Burnout Can Kill Your Dreams as a Medical Assistant

Article Categories: Mental Health & Other

A dying ember… As a medical assistant, you feel that the last spark of hope and passion is almost gone as you go about your daily ordeal in the workplace.

You drag yourself to work every day. As you start your day, you see your physician who didn’t wait a second before flooding you with things to do. You hear them talk, but you seem to not comprehending the entirety of what they are saying. Everything that you see seems like a blur. Maybe it’s just the headache you are having almost every morning for the last two weeks. You ask yourself, “What good can come out of this day?” even if you don’t expect any positive outcomes for the remainder of your shift. Patients are not being cooperative, and their family is so demanding, but you don’t care a bit. Several documentations are waiting to be finished, and you still need to call the pharmacy. At the end of the day, you mutter to yourself, “I am sick and tired of all this.”

If this scenario is all too familiar to you, you are experiencing burnout.

Burnout is physical and mental exhaustion that makes a health employee work like an unfeeling machine detached from the very essence of their job. Burned out workers have poor performance and are prone to medical errors. Thirty to fifty percent of physician assistants are overly stressed. This huge percentage represents a big number of MAs putting patients’ lives in danger.


First, be aware that anyone can experience burnout at any time, so it is good to determine if you are on the verge of exhaustion. If you find yourself starting to feel exhausted, focus on daily achievements, however small. Do a little self-talk and remember how you chose this path over others. You have a special calling to help patients and to make a difference as a medical assistant.

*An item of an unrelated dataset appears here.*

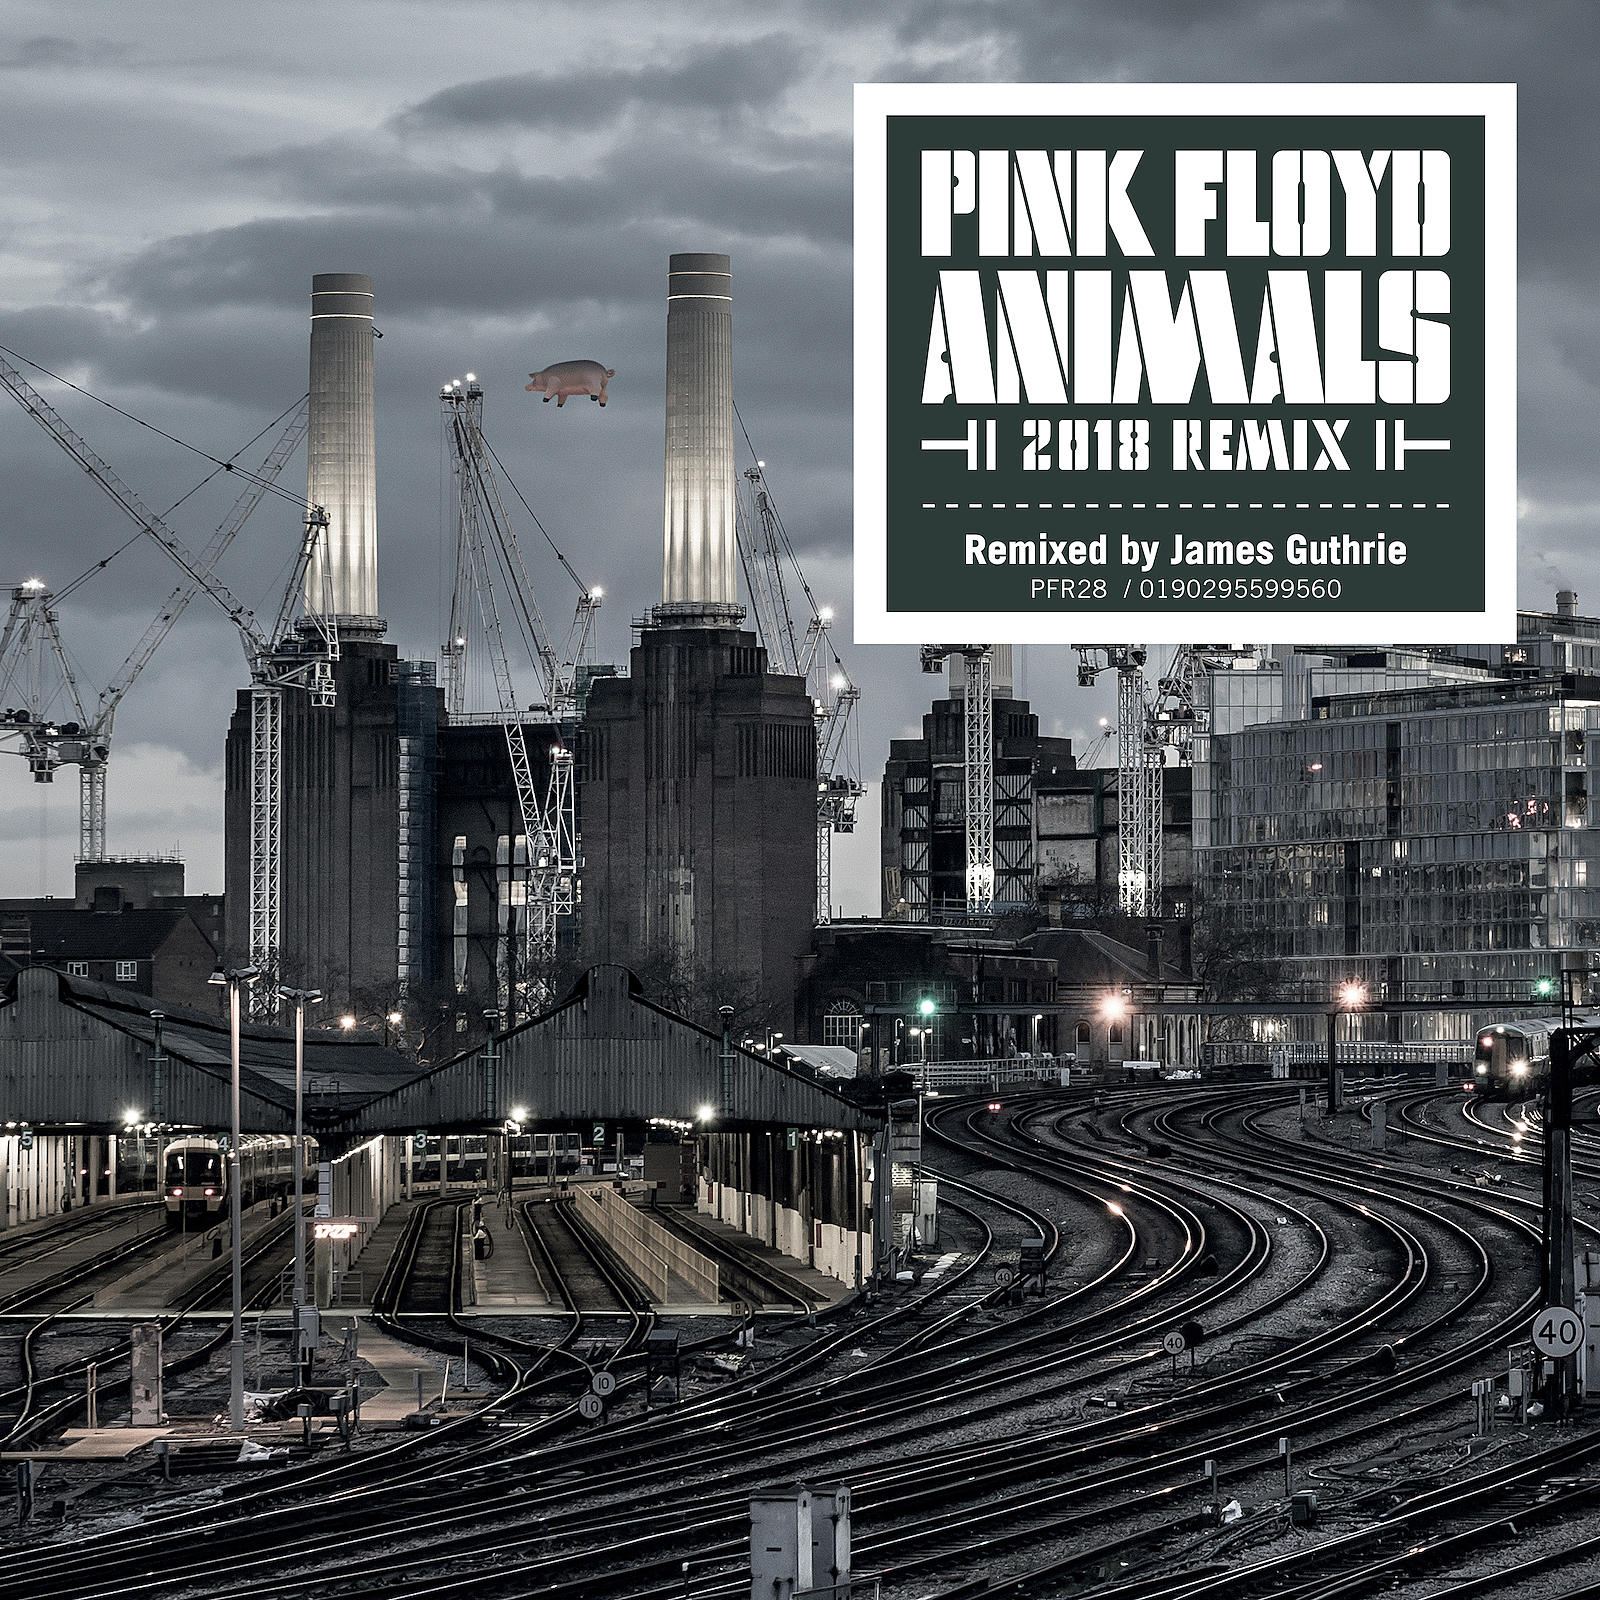 PinkFloyd_Animals2018Remix_OnlineDigital_Cover_Warner

The next step to do is to take some quality time off. Do not wait until your exhaustion gets the better of you. If you are starting to lose your compassion toward patients and your enthusiasm for work, it is a sign that you need to recharge and reset. Waiting until you are too exhausted or burned out will make you take drastic measures which you might later regret, like being AWOL (absence without official leave) or suddenly quitting without carefully thinking over your decision.

As you pick yourself up, identify things at work which you can change and control within the scope of your practice. Having a sense of control as an MA is a significant factor to keep you engaged at your job. If you have issues with your physician, this is a perfect time to communicate your concerns to them and start working toward a solution. Be sure to be objective regarding the matter and avoid being an emotional mess. Accept the things that you cannot change. If for example, you feel frustrated over the lack of institutional policies, work with whatever you have on hand.

Have someone to talk to, a family member, a trusted colleague who is highly engaged, or even a professional counselor. Sometimes, that is all it takes to get back on track.

If all else fails, do not lose hope. You do not have to stop being a medical assistant. Maybe a change of environment is all you need, like a change of department, or a change of direction from being a clinical MA to an administrative MA.

Whatever you are going through, never let the fire inside you die out and let something good in your life die with it. A life of service as a medical assistant is not without challenges, but if you stay long enough to discover the rewards of being one, they will give your life a great sense of purpose and accomplishment.